Have you all met the funniest person in the world? You have and it’s me. I absolutely crack myself up sometimes and most of the time, it really isn’t ALL that funny. I’m still giggling about my ‘Red Alert’ comment from a month ago or so. Hahahahaha.

So what has me in stitches? Yesterday it was storming outside and I opted to go to a friend’s house after school, rain and all (come to think of it, I wonder if the dreary weather was an omen..). We were watching TV and the news stations were covering the string o’ storms like they were Hurricane Katrina. They had up a map of the area that looked strikingly similar to a picture of a PET scan of a schitzo’s brain we had been looking at earlier in psychology class. All the while the Bay News 9 newscaster was talking to the weather guy.

NC: Newscaster - WG: Weather Guy - D: Me!

NC: (WG), can you tell us about those colors we are seeing on the map?
D: What a stupid fucking question. Everyone knows what colors mean.
WG: Well, (NC), the weather maps have had the same coloring since 197(something).
D: Hahahahahahaha.

The sad part – this happened like 20 hours and I still find it very humorous. I think I need a life.

Side note – if you are not signed in and still wish to comment to a post, please click the NAME button and type your name so I know who you are. I know the last two comments were from my friend (Hey friend – just use the handle Boy Toy as more than likely that is how you will be referred to here.
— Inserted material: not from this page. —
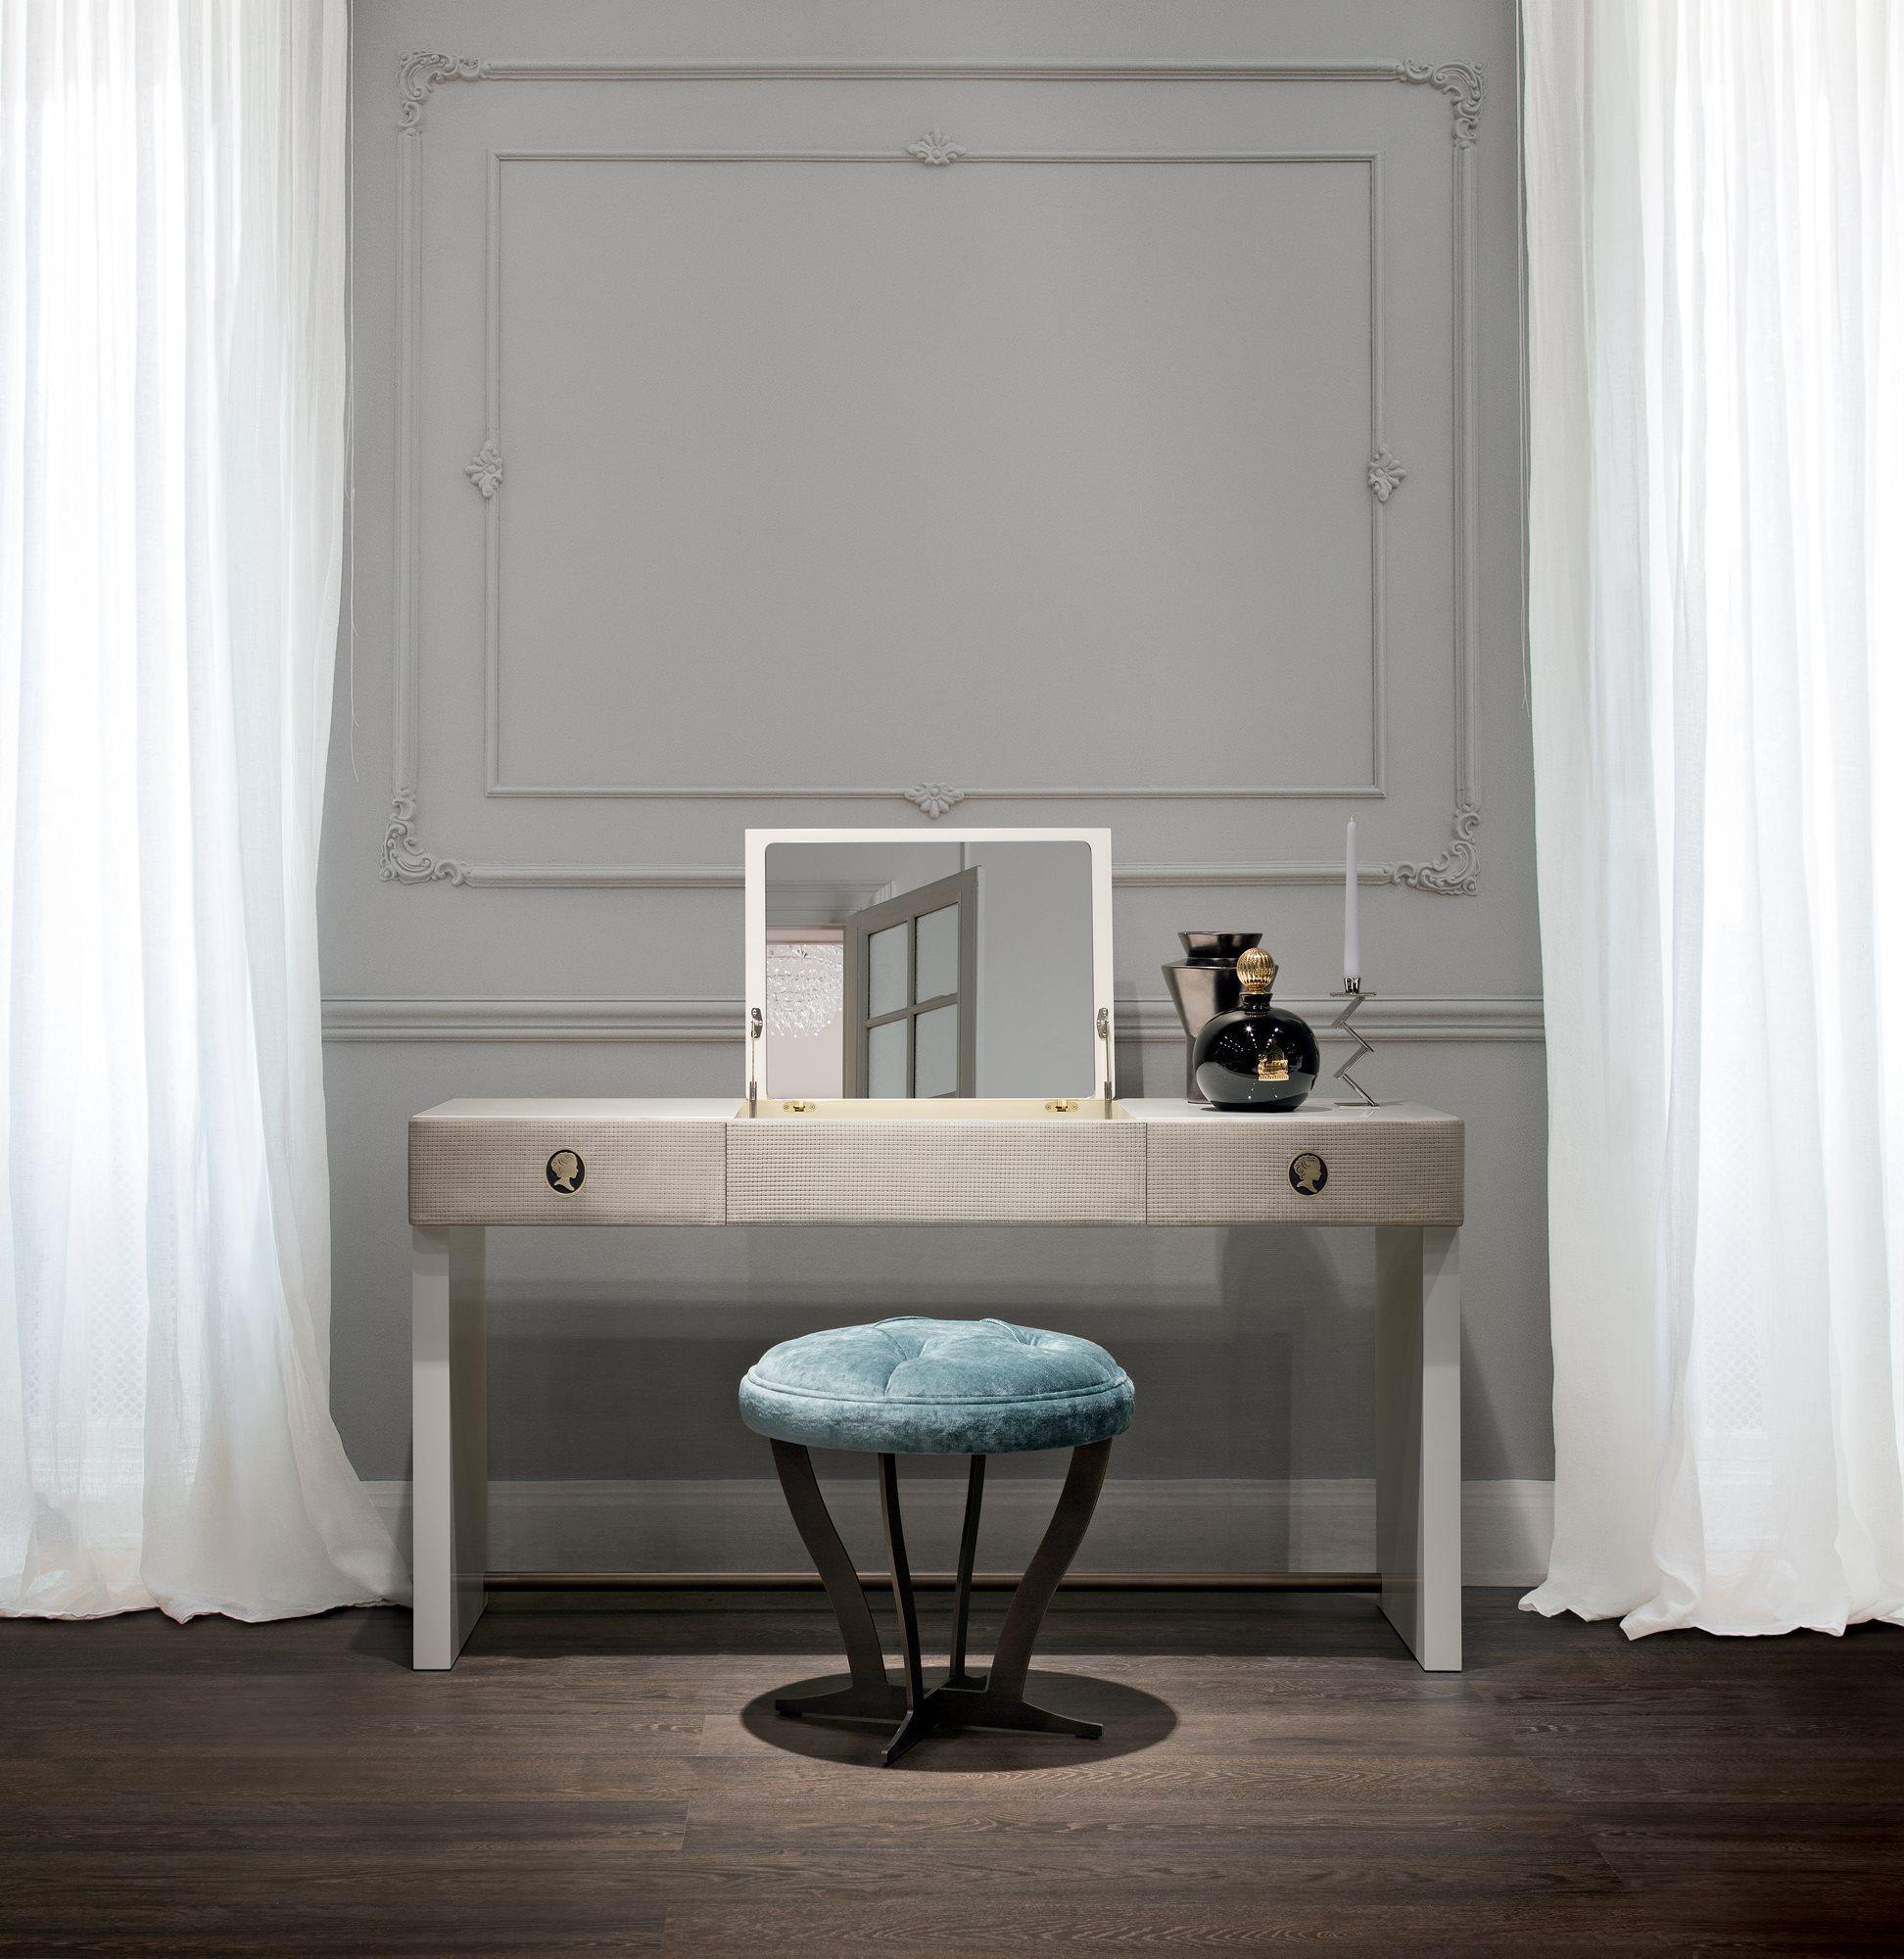 Alberta Salotti (RU) Туалетный столик Jasmine от итальянского бренда Alberta salotti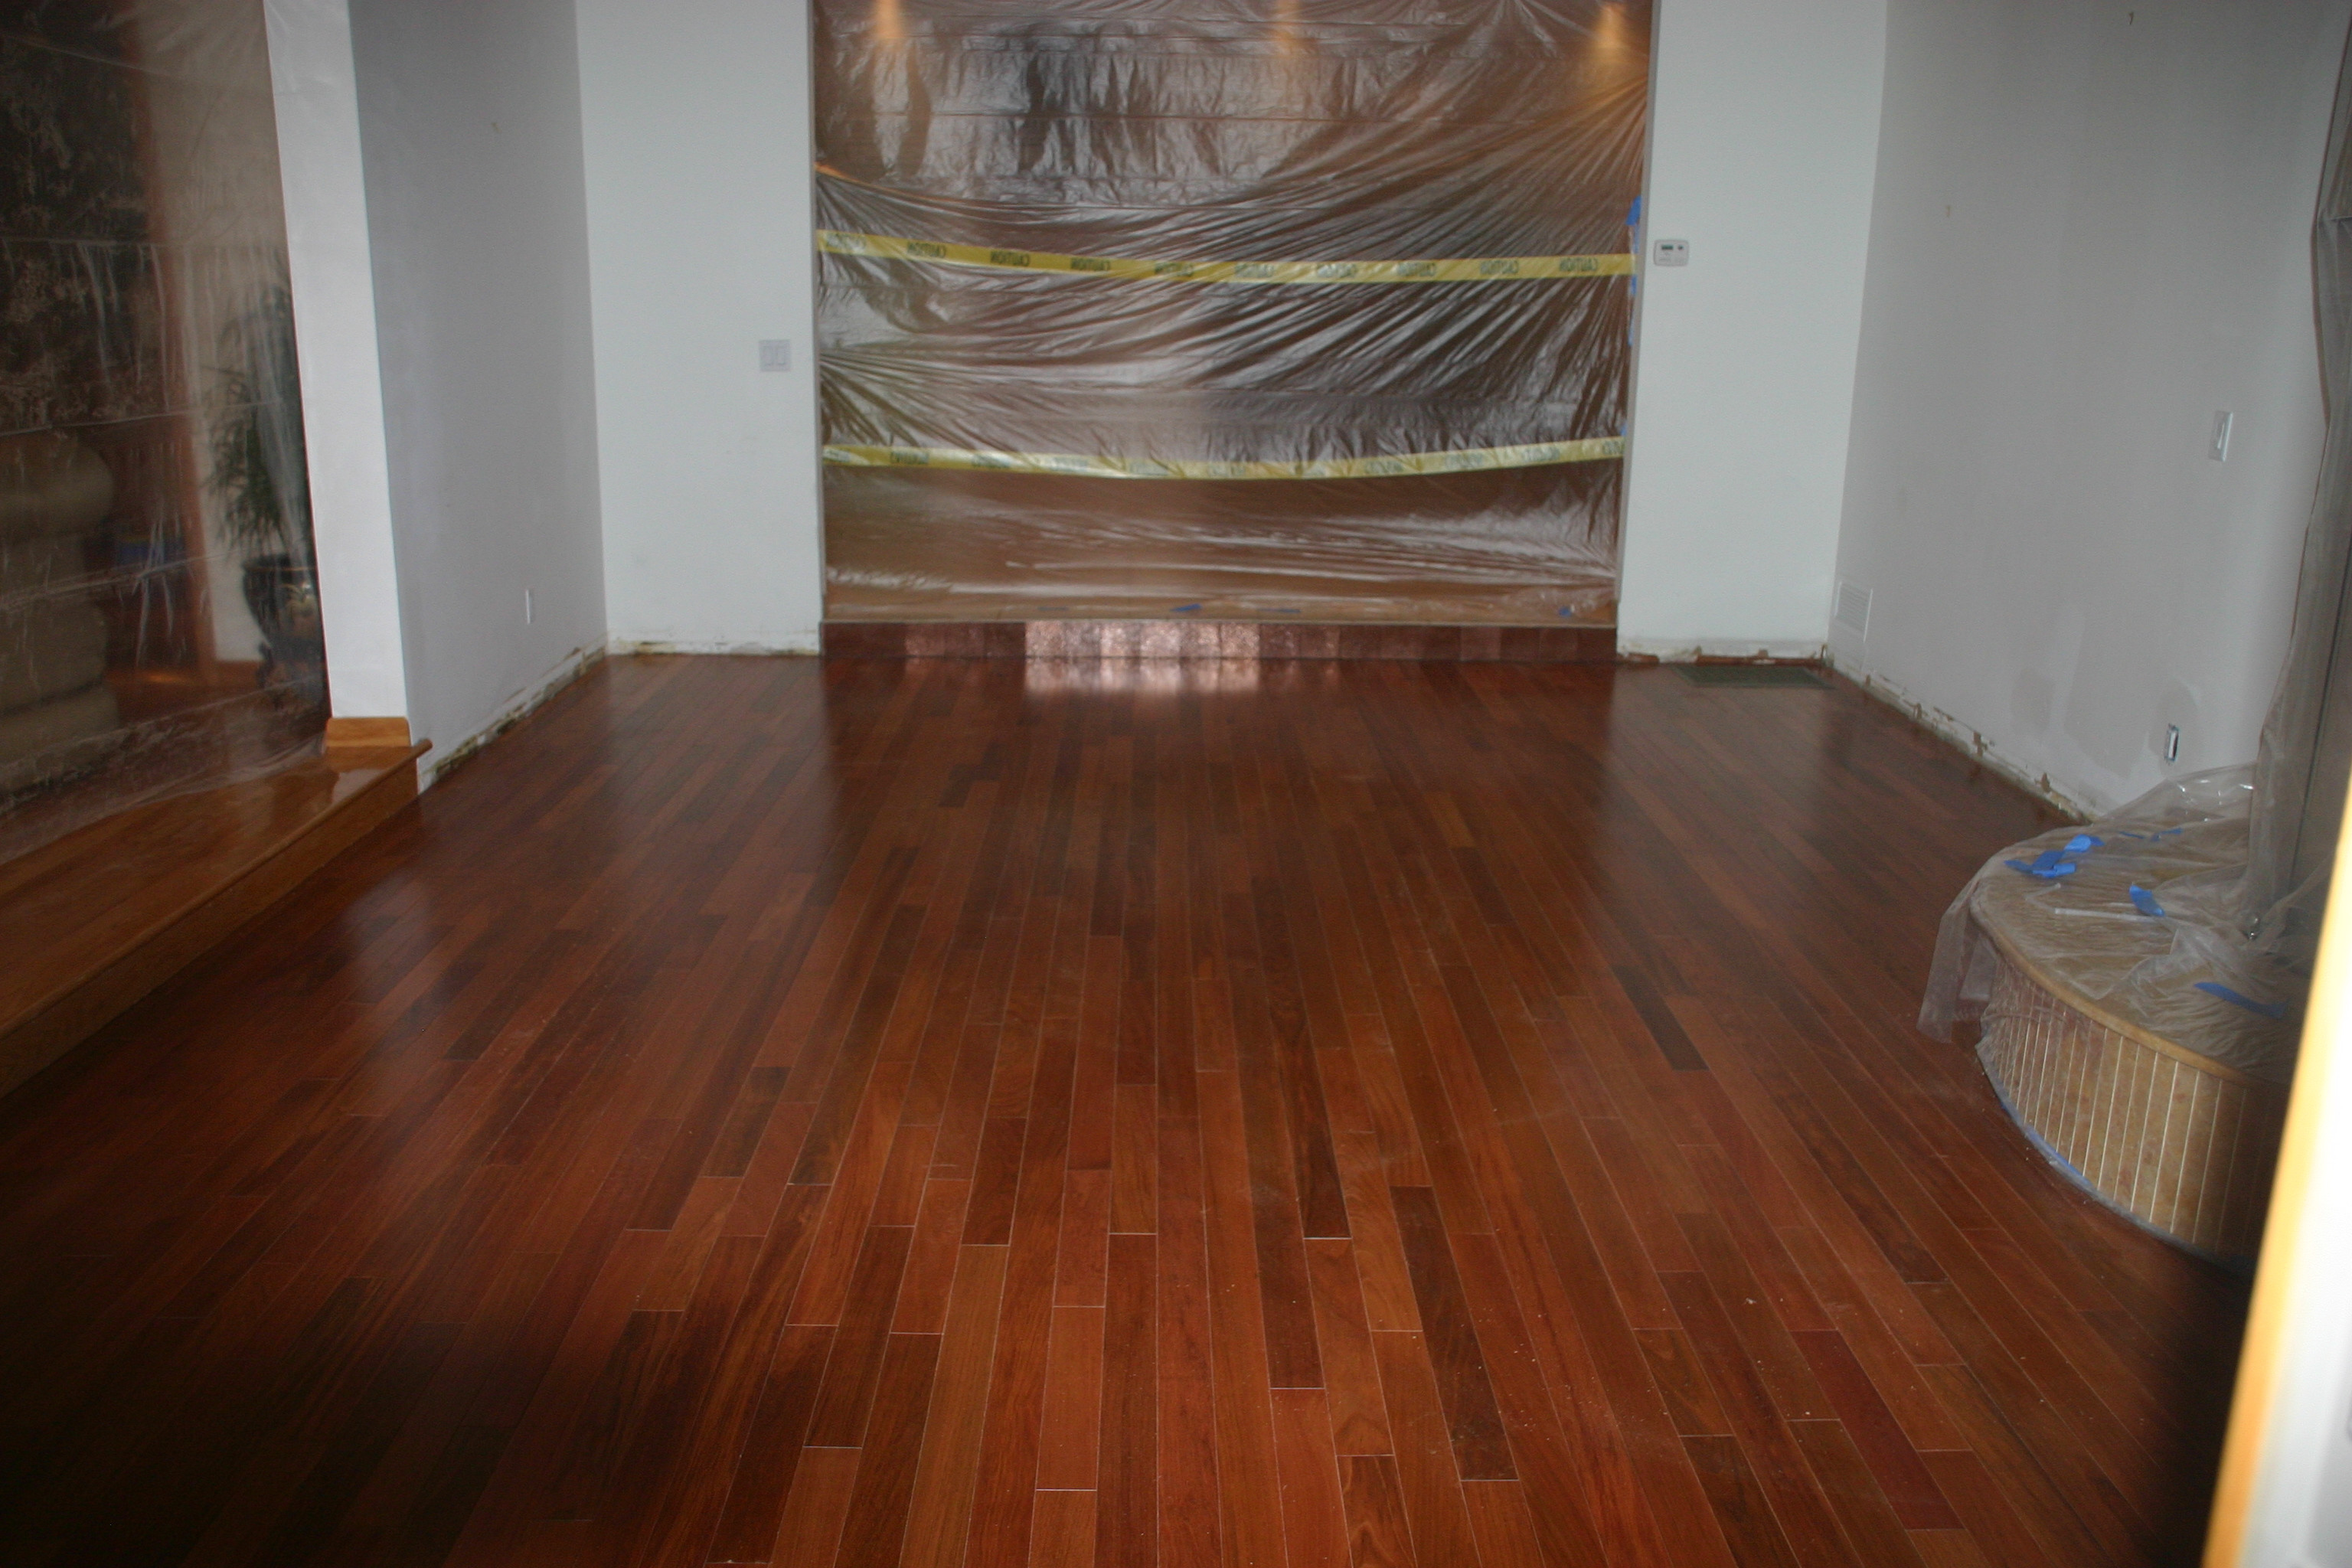 Hardwood Floor Refinishing Morris County Nj Of Hardwood Flooring Watchung New Jersey Inside Webassets Huggins274 Jpg

Oh, and Anonymous from back in the day who made the comment about me going into rehab, you don’t need to post your name – I know who you AAre or as Amy Winehouse would say, “Blaaaaake!” Touché. Sorry – it’s early and I’m still sleepy.) This way readers will know who you are as some of you get referred to time to time.

By the way, I just wanted everyone to know I am not that grameratikalie challenged, I am in community college you know. I was rereading a few of my last posts, which I do fairly often out of sheer boredom, and notice that I misspelled a whole smack load of stuff and typed in incorrect, but similar, words (you instead of your; day instead of dad; etc..). I only glimpse through these blogs after I type them. I start off with one train of through which derails off the track and then I start typing something else, all the while thinking I need to go back to the first subject and once I do, my thought process is out of whack and I am typing in a completely different style. Blah, blah, blah. Whatever. I am not meant to be a proof reader. And this post hasn’t been proofed either. And that shall be my last warning.